January 2019 Newsletter – The Latest Health Epidemic

Contrary to popular belief and according to the Centers for Disease Control, the use of e-cigarettes is unsafe for kids, teens, and young adults. E-cigarettes are often referred to as e-cigs, vapes, e-hookahs, or vape pens. They may resemble USB flash drives, pens, traditional cigarettes, cigars, or pipes. These devices are the most commonly used tobacco product among high school and middle school students in the United States. Among high school students, current e-cigarette use increased from 1.5% (220,000 students) in 2011 to 20.8% (3.05 million students) in 2018. For middle school students, current e-cigarette use increased from 0.6% in 2011 (60,000 students) to 4.9% (570,000 students) in 2018. Last year the Food and Drug Administration declared that youth vaping has become an epidemic. Get the facts and talk to your family about e-cigarettes!

The American Lung Association provides us with the following vital information in order to have an informed discussion with our children based on the facts.

What Are E-Cigarettes?

Electronic cigarettes, or e-cigarettes, include e-pens, e-pipes, e-hookah, and e-cigars are known collectively as ENDS – electronic nicotine delivery systems. According to the FDA, e-cigarettes are devices that allow users to inhale an aerosol containing nicotine or other substances.

Unlike traditional cigarettes, e-cigarettes are generally battery-operated and use a heating element to heat e-liquid from a refillable cartridge, releasing a chemical-filled aerosol.

What’s in E-Cigarettes?

The main component of e-cigarettes is the e-liquid contained in cartridges.

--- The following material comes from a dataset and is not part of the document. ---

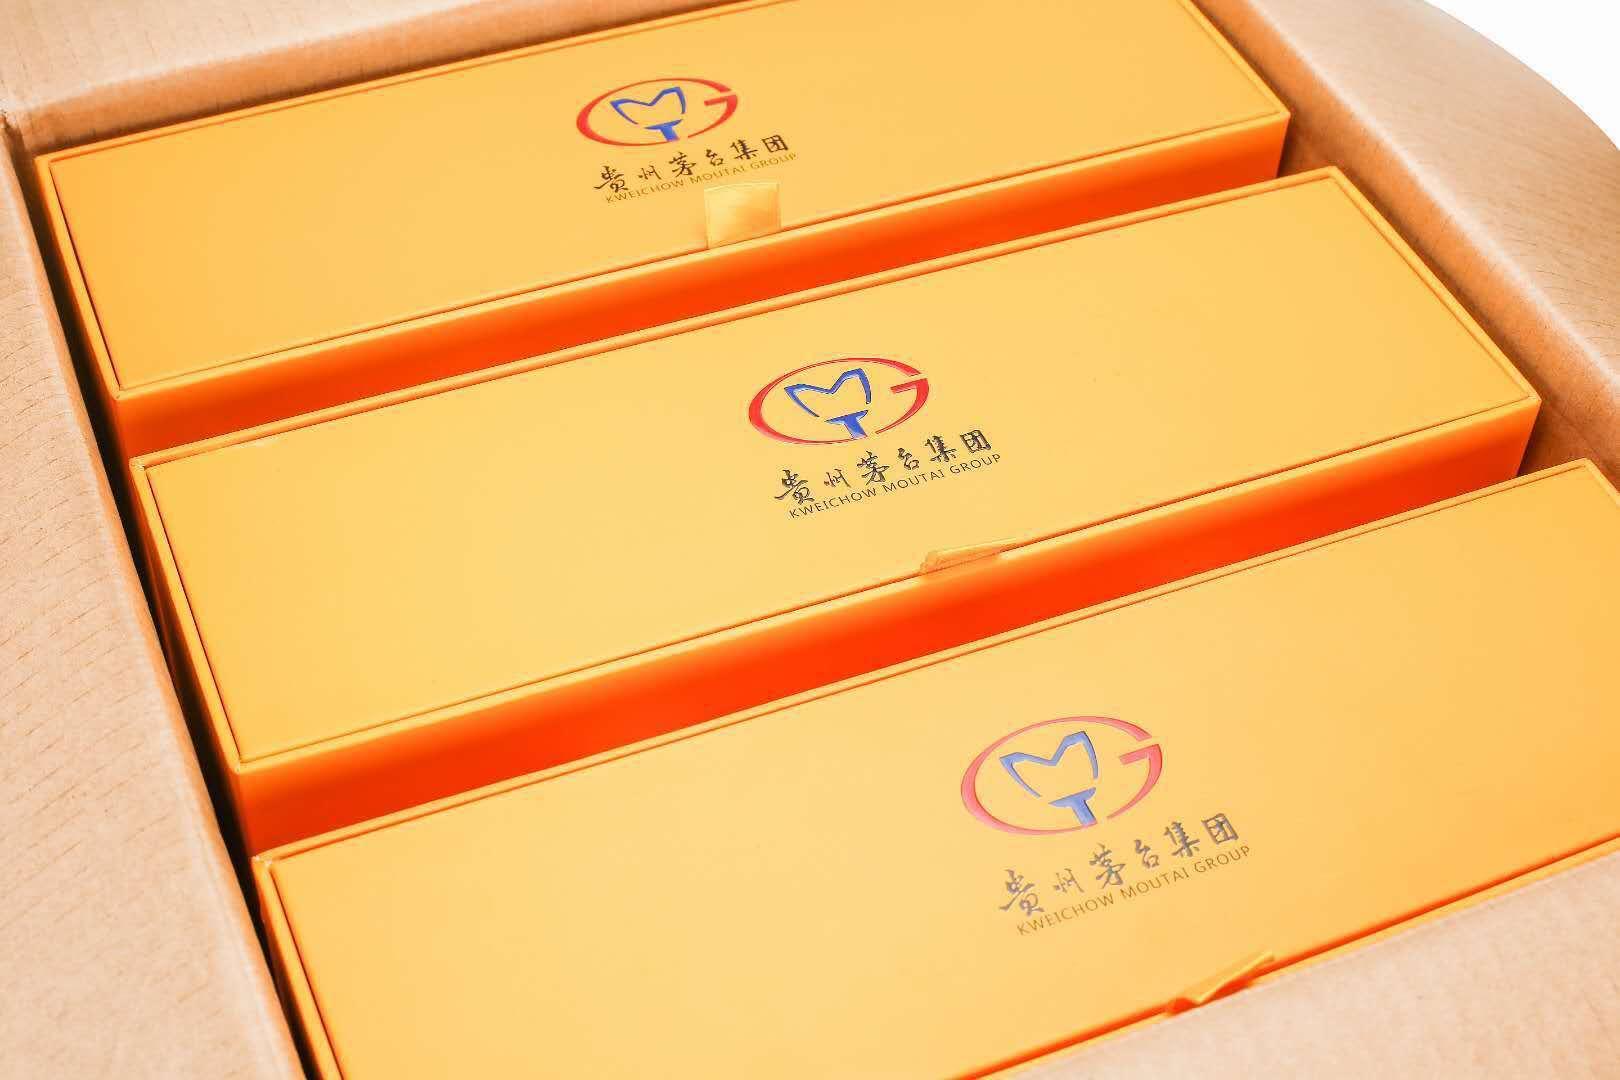 贵州华盛名酒-三生有幸53度酱香型酒 500Ml*3瓶礼盒装高档烤花盒.

To create an e-liquid, nicotine is extracted from tobacco and mixed with a base (usually propylene glycol), and may also include flavorings, colorings and other chemicals.

Are E-Cigarettes a Gateway to Youth Smoking?

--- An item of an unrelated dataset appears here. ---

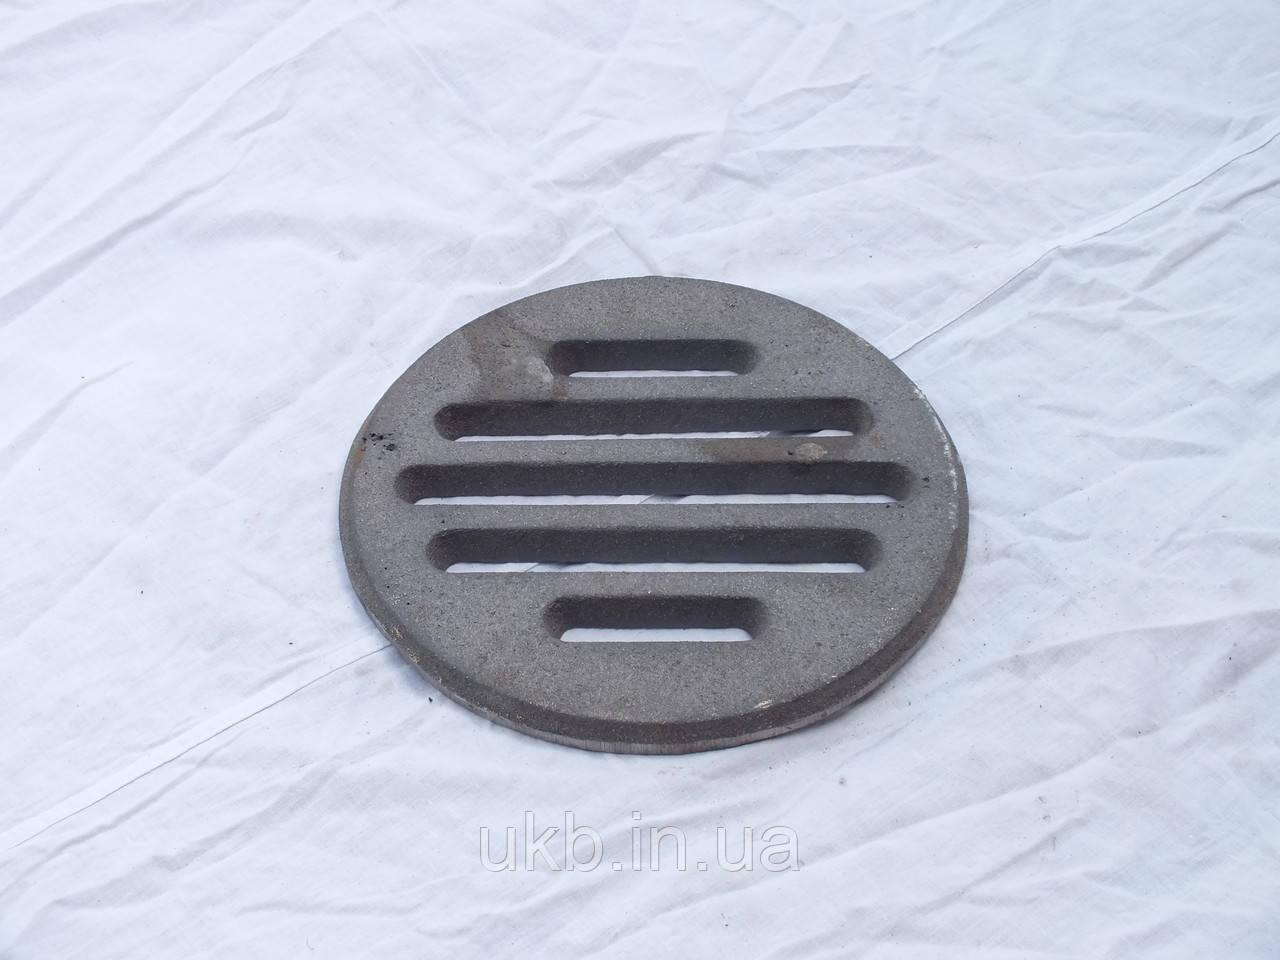 Колосниковая решетка круглая 240 мм (3,5кг)

The National Academies of Science, Engineering and Medicine concluded there is “substantial evidence” that if a youth or young adult uses an e-cigarette, they are at increased risk of using traditional cigarettes.

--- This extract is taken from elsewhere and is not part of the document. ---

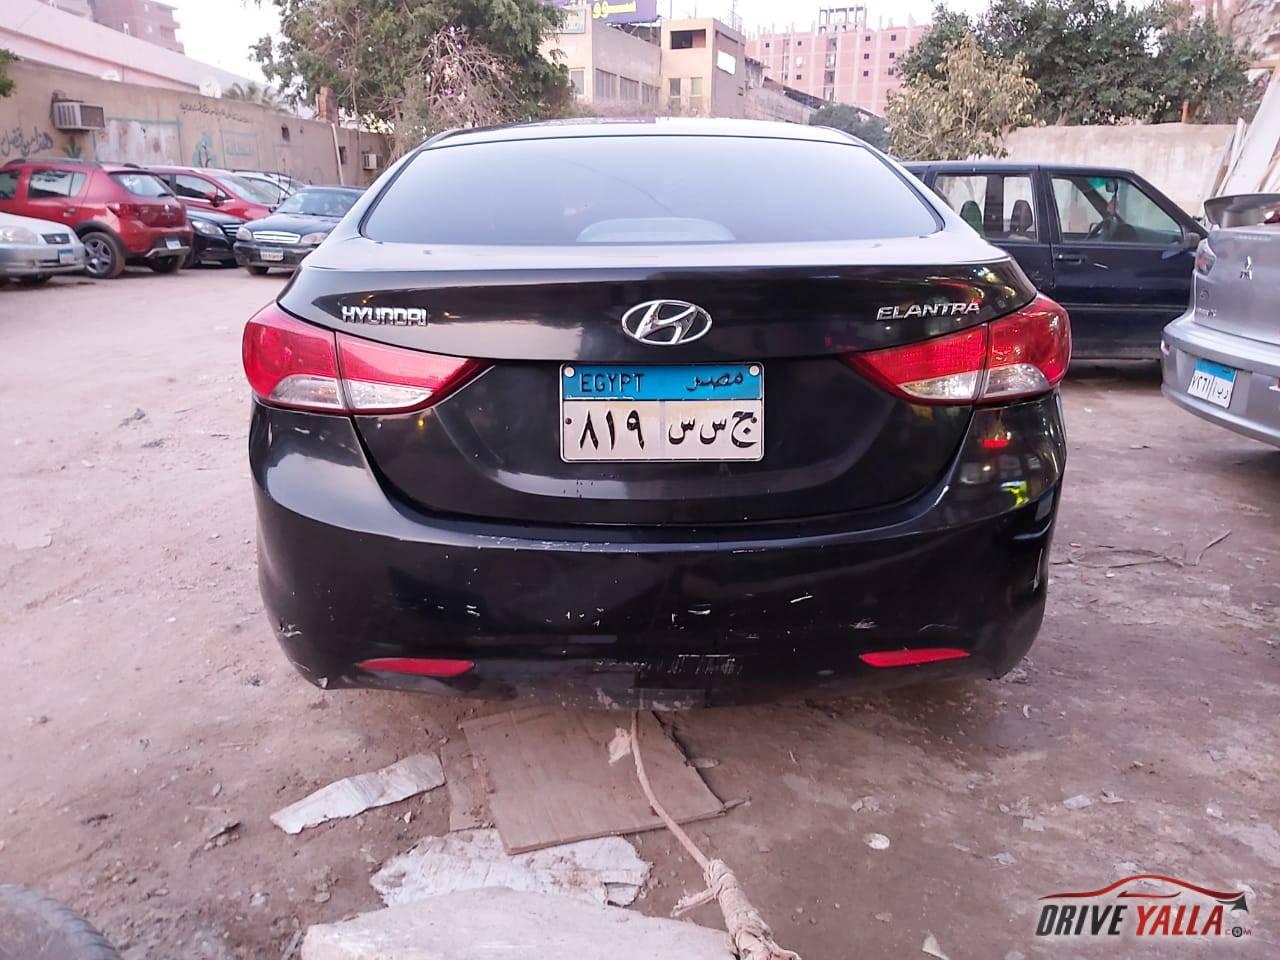 هيونداي الينتر مستعملة للبيع فى مصر بالتقسيط  2013

What Are the Health Consequences of E-Cigarette Use?

A recent study from the University of North Carolina found that even in small doses, inhaling the two primary ingredients found in e-cigarettes – propylene glycol and vegetable glycerin – is likely to expose users to a high level of toxins and that the more ingredients a user is inhaling, the greater the toxicity.

The mid-to-long-term consequences of e-cigarettes are not yet known, as it’s a new product and has been sold for less than a decade in the U.S. While much remains to be determined about these lasting health consequences of these products, we are very troubled by what we see so far. The inhalation of harmful chemicals can cause irreversible lung damage and lung diseases.

Can E-Cigarettes Help Smokers Quit?

The Food and Drug Administration has not found any e-cigarette to be safe and effective in helping smokers quit. If smokers are ready to quit smoking for good, they should call 1-800-QUITNOW or talk with their doctor about finding the best way to quit using proven methods and FDA-approved treatments and counseling.

How Can Smokers Quit?

The American Lung Association believes everyone who uses tobacco products can quit using methods that are proven safe and effective by the FDA, including the seven FDA-approved medications and individual, phone (available by calling 1-800-QUITNOW and 1-800-LUNGUSA) and group counseling (such as the Lung Association’s Freedom from SmokingĀ® program).

Are There Risks of Secondhand E-Cigarette Emissions?

In 2016, the Surgeon General concluded that secondhand emissions contain, “nicotine; ultrafine particles; flavorings such as diacetyl, a chemical linked to serious lung disease; volatile organic compounds such as benzene, which is found in car exhaust; and heavy metals, such as nickel, tin, and lead.”